Mr Cull said it might be possible to do that by extending what had already been done with the city's Your City, Our Future project, which included extensive public input through forums and workshops well before final options were put together.

In the past few years, there has been increasing criticism of the council's consultation process.

In 2008, then council leaders mayor Peter Chin, councillor Richard Walls and chief executive Jim Harland told the Otago Daily Times the public consultation process had become confrontational and was being misused by special-interest groups, leading to delays in decision-making.

Similar arguments have been articulated by other longer-serving councillors who are still on the local authority.

Mr Cull campaigned in the last election, in part, on better consultation.

In his pre-election profile in the Otago Daily Times he claimed a majority of councillors had not genuinely listened to the public.

He suggested a model where consultation was done before issues got to council committees or the council itself for final decisions.
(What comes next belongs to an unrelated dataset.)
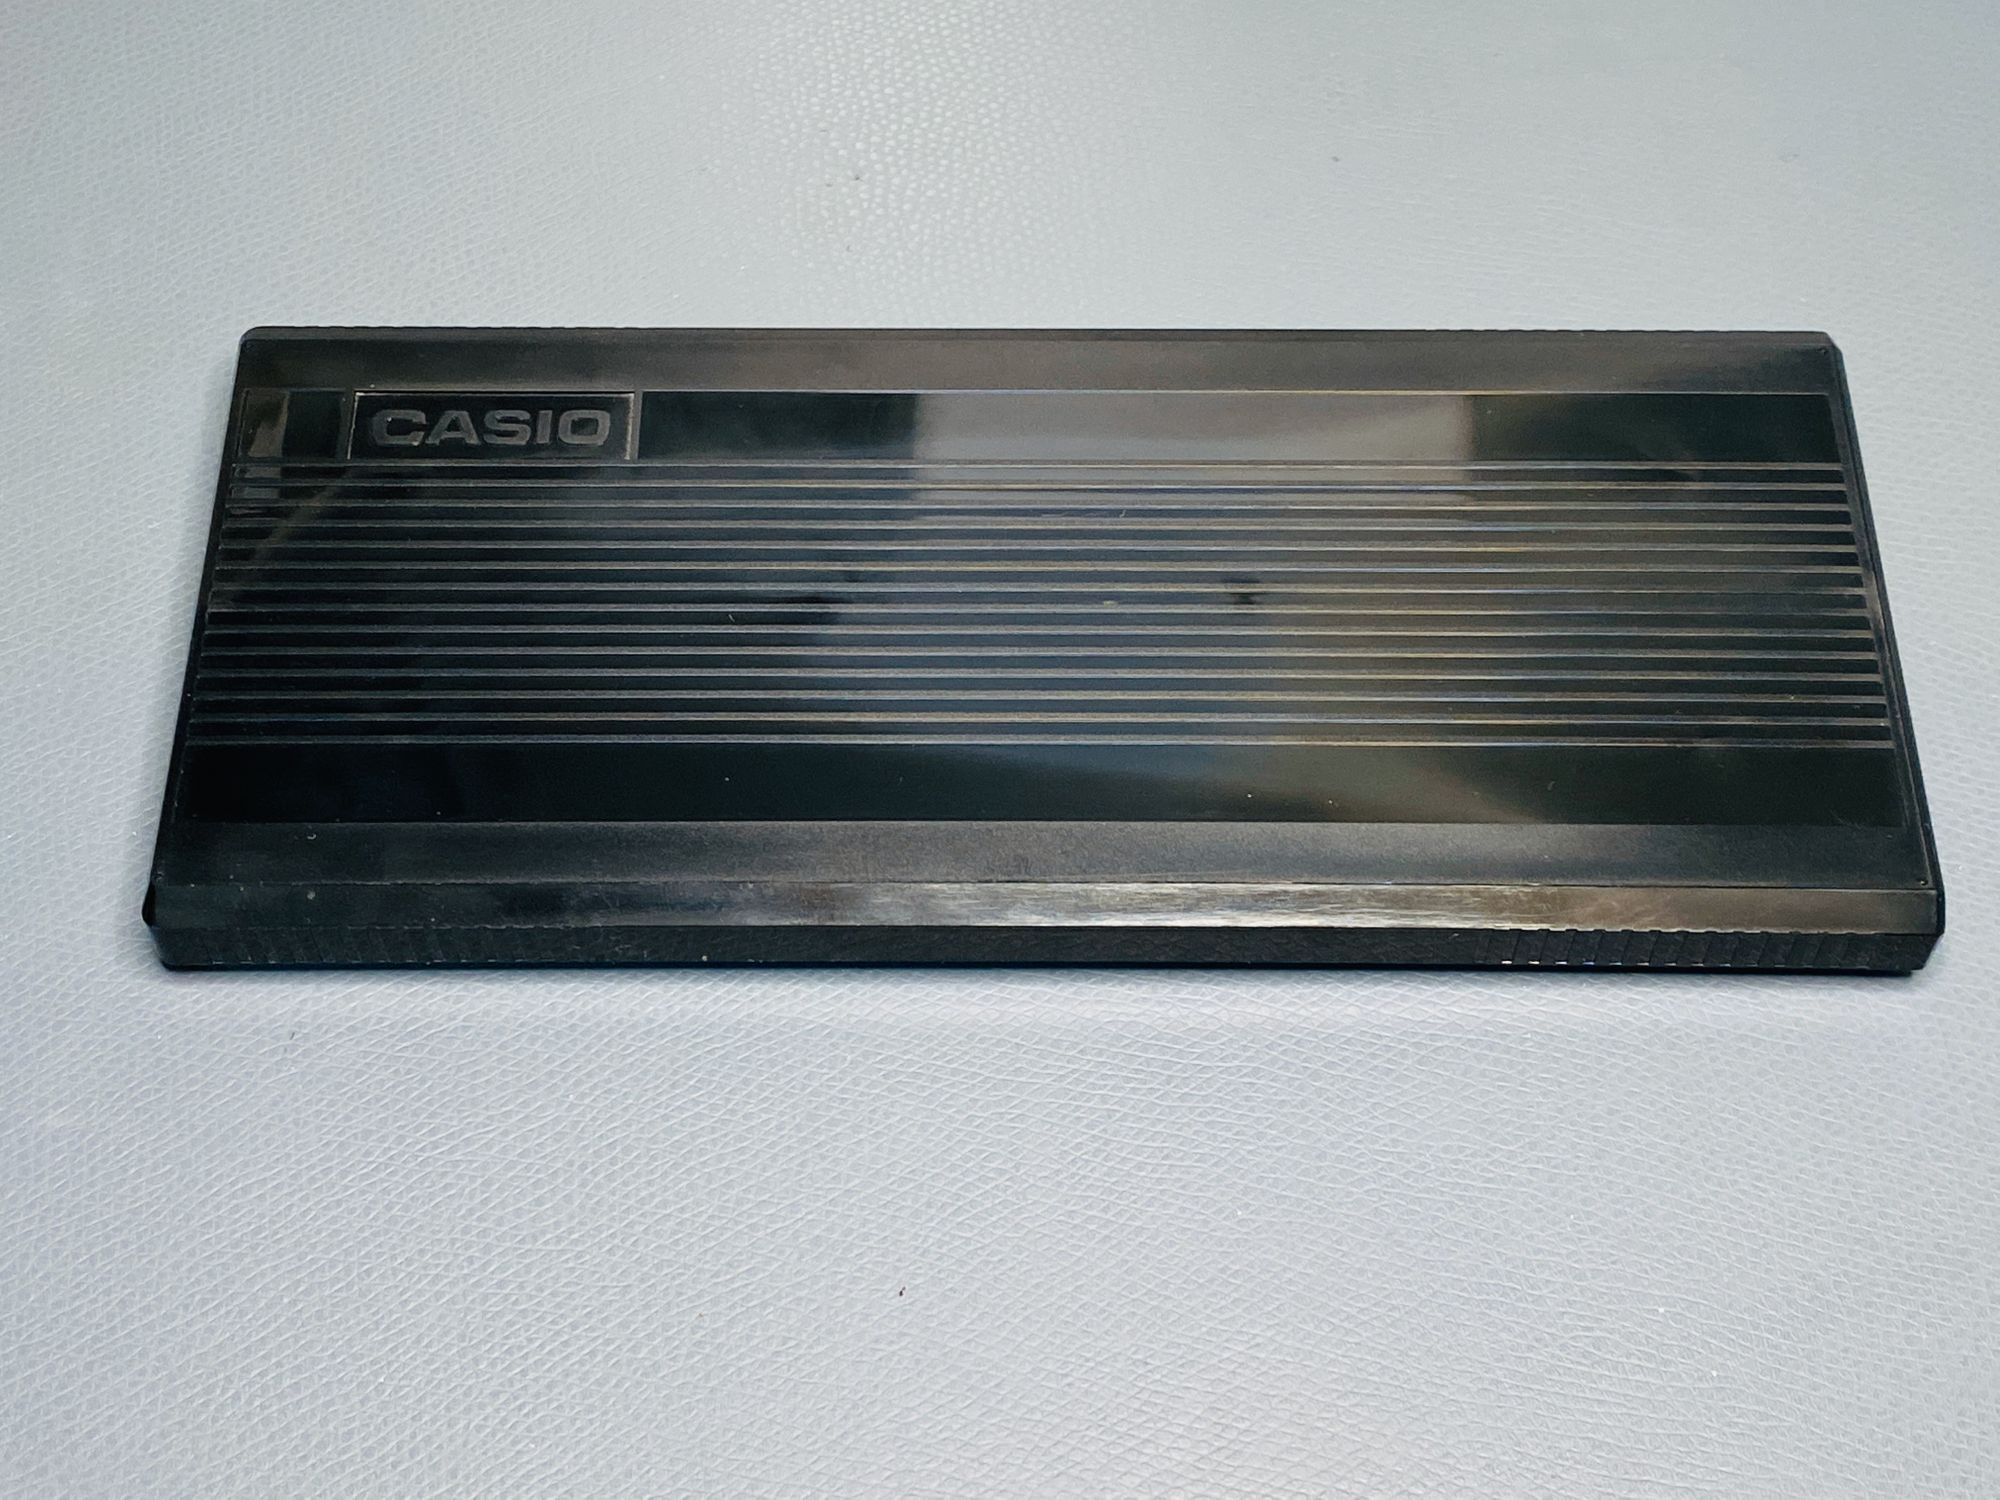 The FX-880P encased with a sliding cover.

Mr Cull said he wanted to improve consultation ''in order to get more well-informed expert opinion from the community''.

He said the city had achieved ''quite a bit'' from the Your City, Our Future consultation.

The Your City, Our Future forum attracted nearly 200 people last July from a wide variety of organisations.

The results of its work would be to update the Dunedin's various strategies, in the light of the problems the city faces.

''That's fine, but I recognised the potential to go a bit further,'' Mr Cull said.

In future, other issues could be dealt with using the same ''blank slate'' approach, where consultation was done more widely and at an earlier stage.

The idea might be to take a specific issue and ''ask what you want it to be like, and how do you get there?''.

As with the Your City, Our Future forum, the council could form working parties with community representatives to consider the issues and help develop solutions.

''It becomes pro-active, rather than reactive.''

While the new council would not necessarily be taking ''a radical change of direction'', Mr Cull said building on the platform of the consultation model for Your City, Our Future might help deal with the public's view of the consultation process.